* _Instructions for the task_:
Repeat the lines from the one containing "Nizal Studio Hq 002269629 H Kad Kahwin Bajet" through the last line of the data, exactly, pictures omitted.

[Opening Input data section]

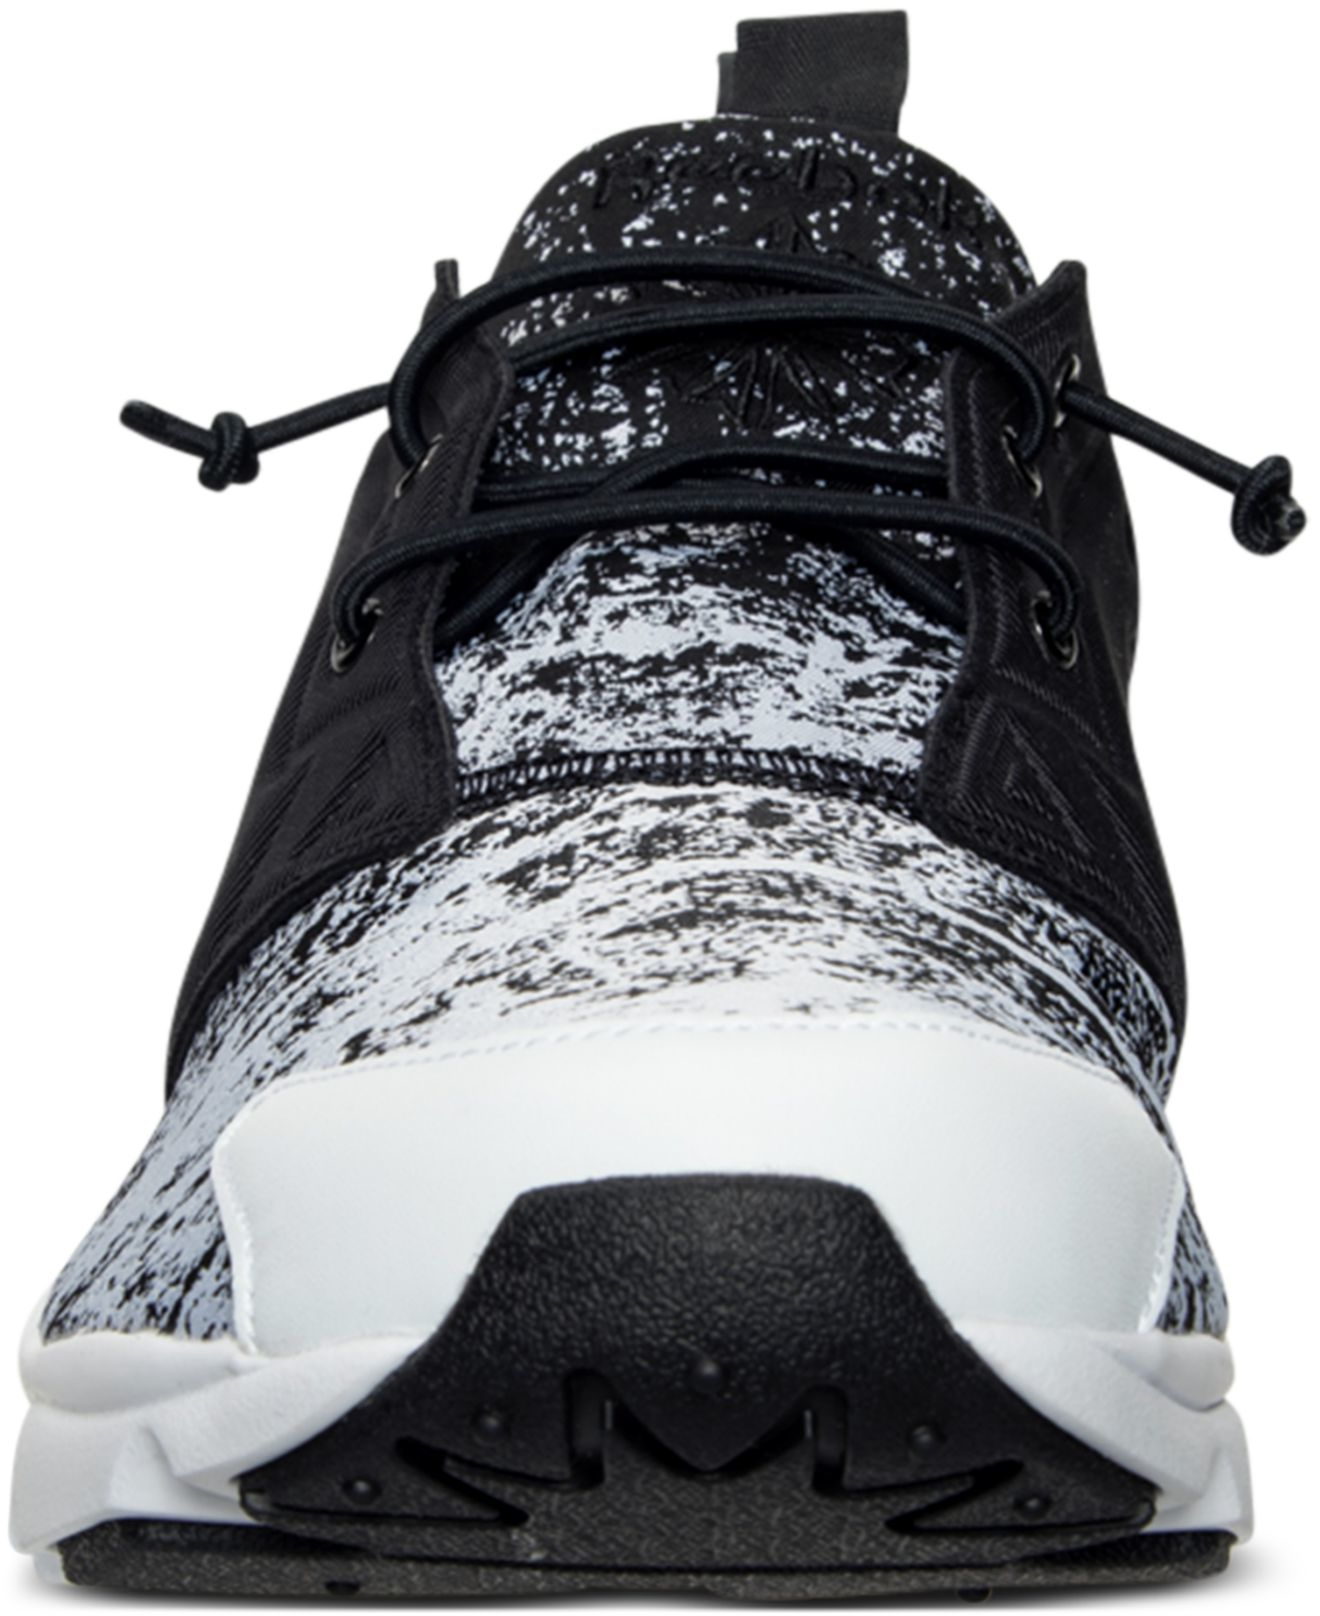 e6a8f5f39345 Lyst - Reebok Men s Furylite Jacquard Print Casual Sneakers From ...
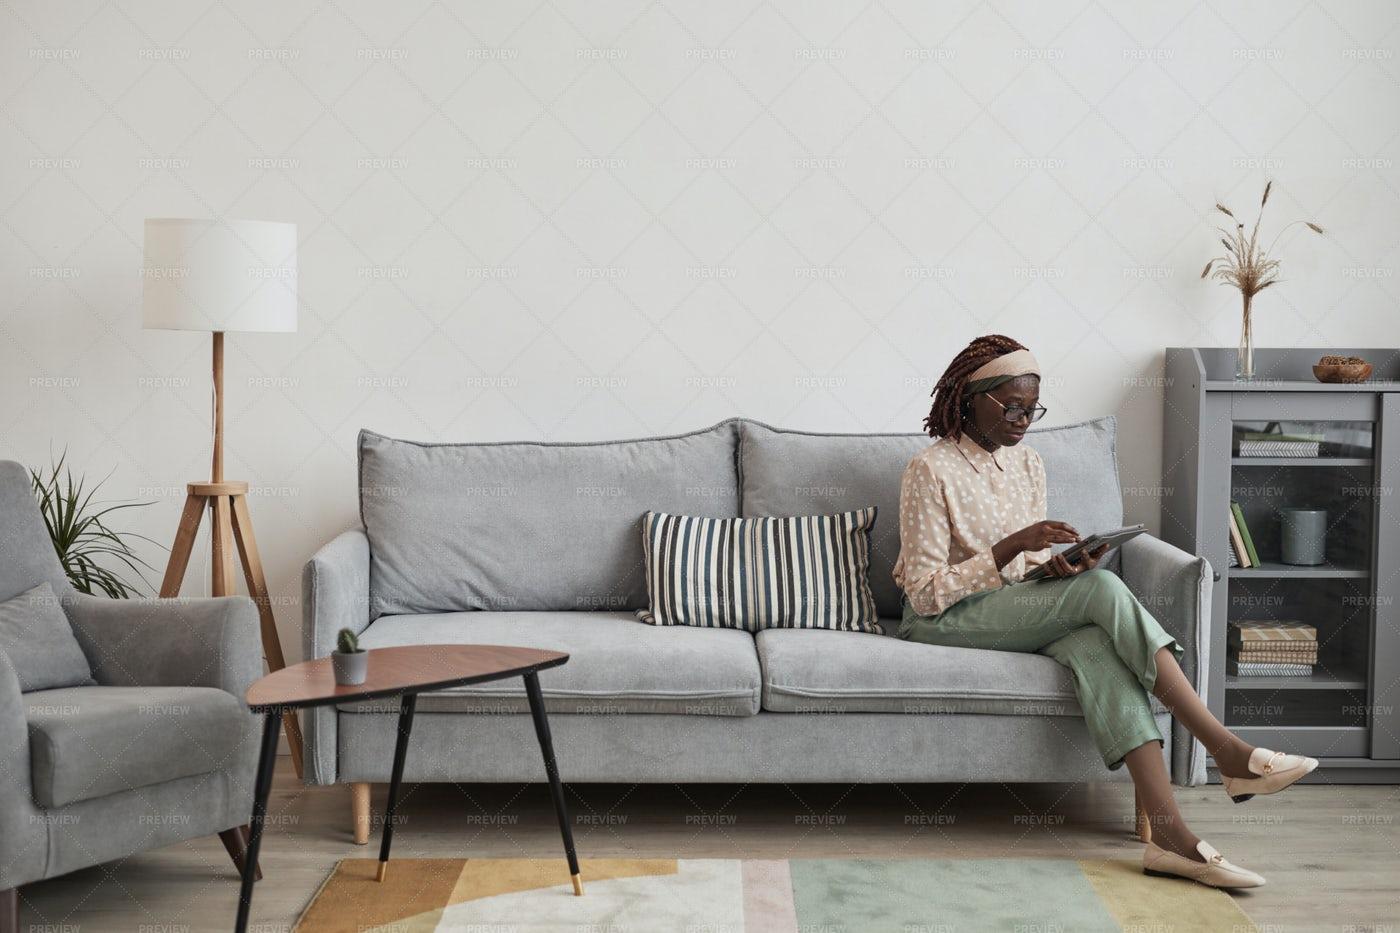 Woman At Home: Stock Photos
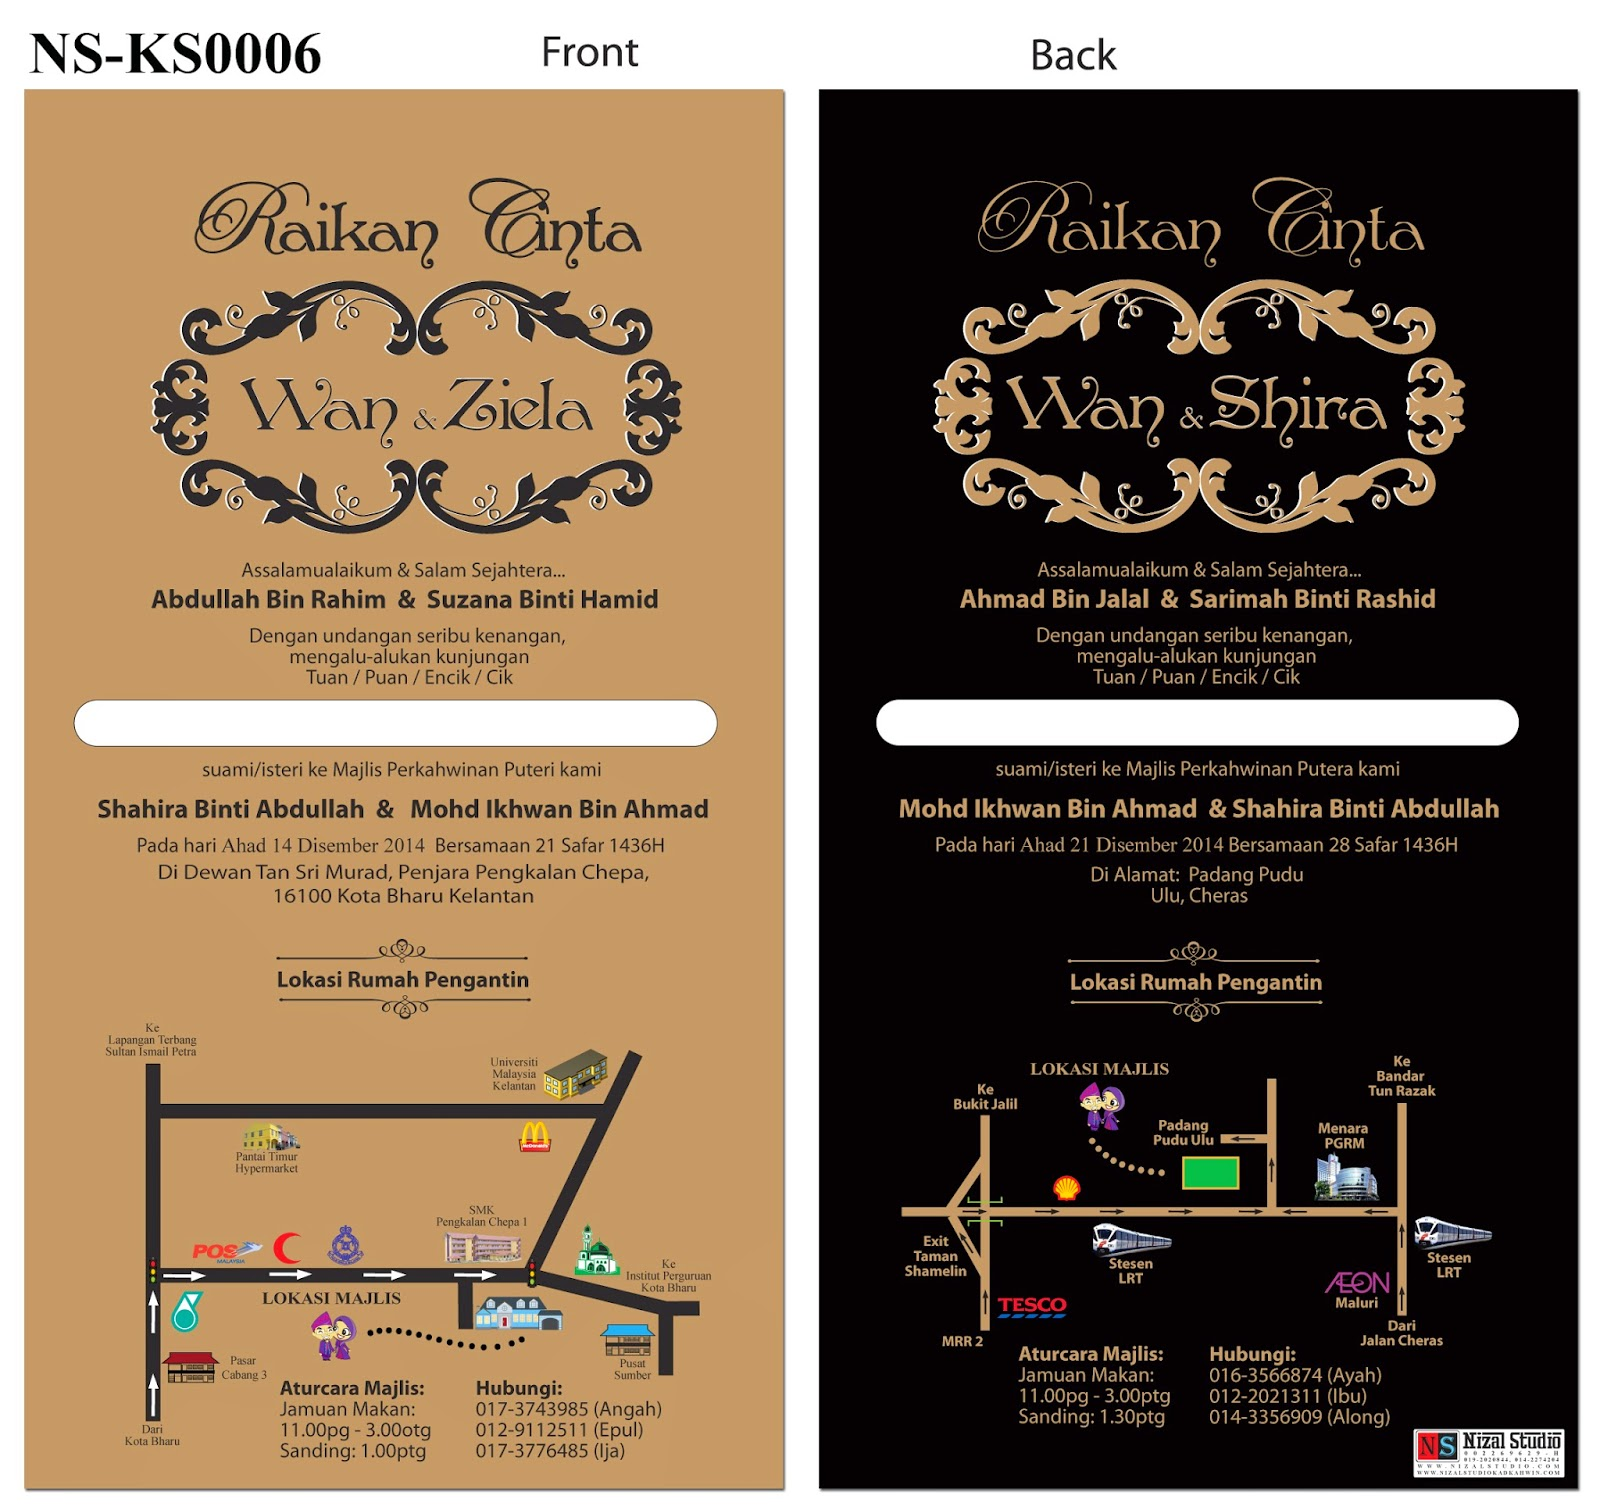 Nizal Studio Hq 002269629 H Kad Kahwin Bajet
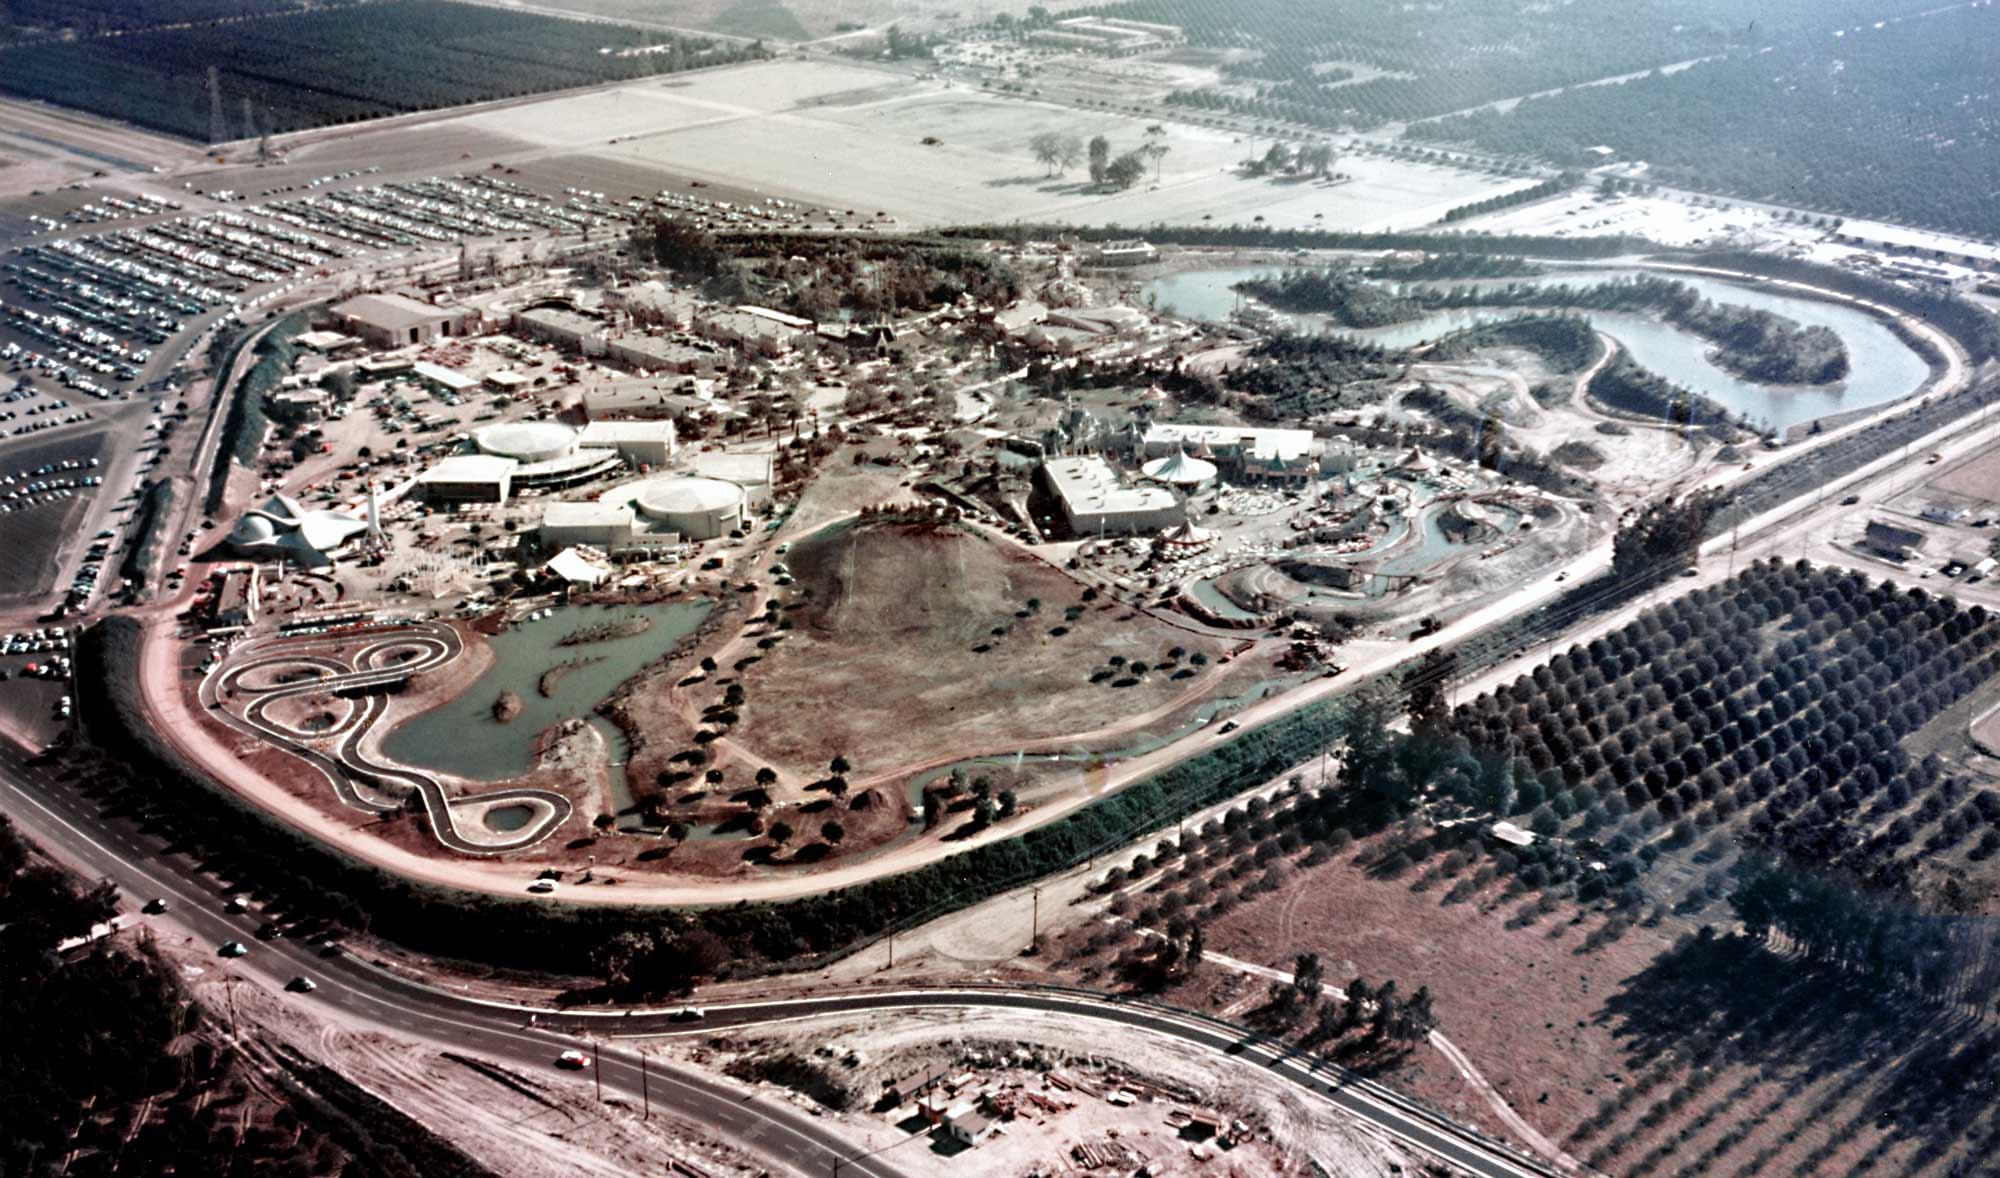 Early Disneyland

[Closing Input data section]

* _Exercise answer_:
 Nizal Studio Hq 002269629 H Kad Kahwin Bajet
 Early Disneyland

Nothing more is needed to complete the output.